UNCLASSIFIED
> Config as requested - I did uncomment and configure the identity
> section
> - is this not required?
>
> ldap {
> #
> # Note that this needs to match the name in the LDAP
> # server certificate, if you're using ldaps.
> server = "localhost"
> identity = "cn=Administrator,dc=dxi,dc=net"
> password = trPic4n03
> basedn = "dc=dxi,dc=net"
> filter = "(uid=%{Stripped-User-Name:-%{User-Name}})"

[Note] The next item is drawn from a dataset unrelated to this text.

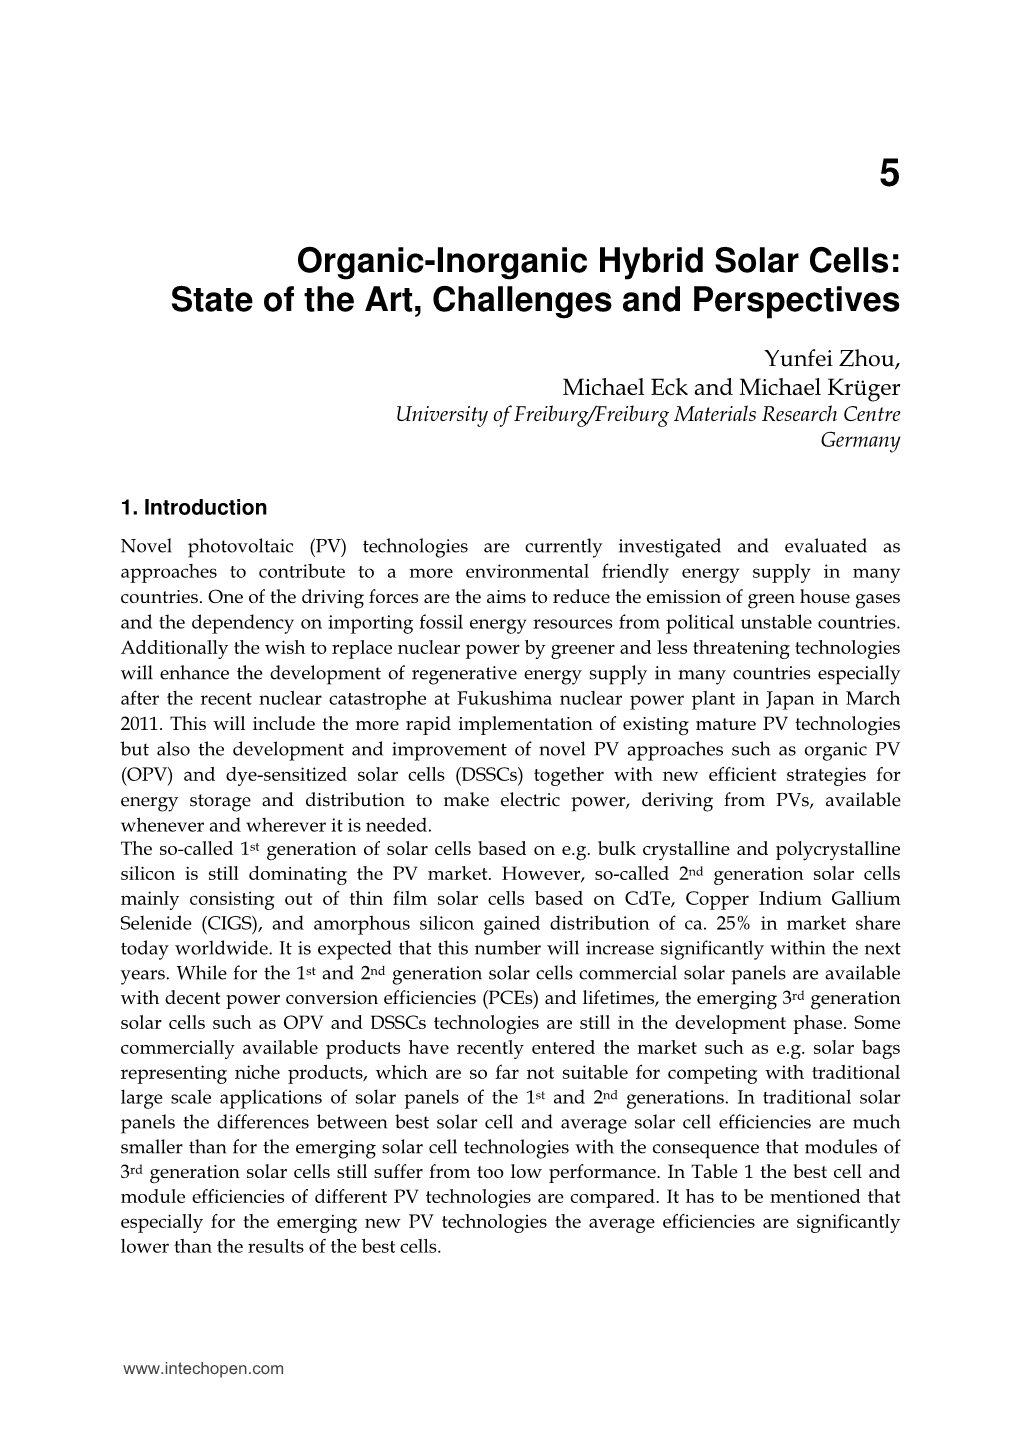 Organic-Inorganic Hybrid Solar Cells: State of the Art, Challenges and Perspectives

> #base_filter = "(objectclass=radiusprofile)"
>
> # How many connections to keep open to the LDAP
> server.
> # This saves time over opening a new LDAP socket for
> # every authentication request.
> ldap_connections_number = 5
>
> # seconds to wait for LDAP query to finish.
> default: 20
> timeout = 4
>
> # seconds LDAP server has to process the query
> (server-side
> # time limit). default: 20
> #
> # LDAP_OPT_TIMELIMIT is set to this value.
> timelimit = 3
>
> #
> # seconds to wait for response of the server.
> (network
> # failures) default: 10
> #
> # LDAP_OPT_NETWORK_TIMEOUT is set to this value.
> net_timeout = 1
> tls {
> # Set this to 'yes' to use TLS encrypted
> connections
> # to the LDAP database by using the StartTLS
> extended
> # operation.
> #
> # The StartTLS operation is supposed to be
> # used with normal ldap connections instead of
> # using ldaps (port 689) connections
> start_tls = no
>
> # cacertfile = /path/to/cacert.pem
> # cacertdir = /path/to/ca/dir/
> # certfile = /path/to/radius.crt
> # keyfile = /path/to/radius.key
> # randfile = /path/to/rnd
>
> # Certificate Verification requirements. Can
> be:
> # "never" (don't even bother trying)
> # "allow" (try, but don't fail if
> the cerificate
> # can't be verified)
> # "demand" (fail if the
> certificate doesn't
> verify.)
> #
> # The default is "allow"
> # require_cert = "demand"
> }
>
> # default_profile =
> "cn=radprofile,ou=dialup,o=My Org,c=UA"
> # profile_attribute = "radiusProfileDn"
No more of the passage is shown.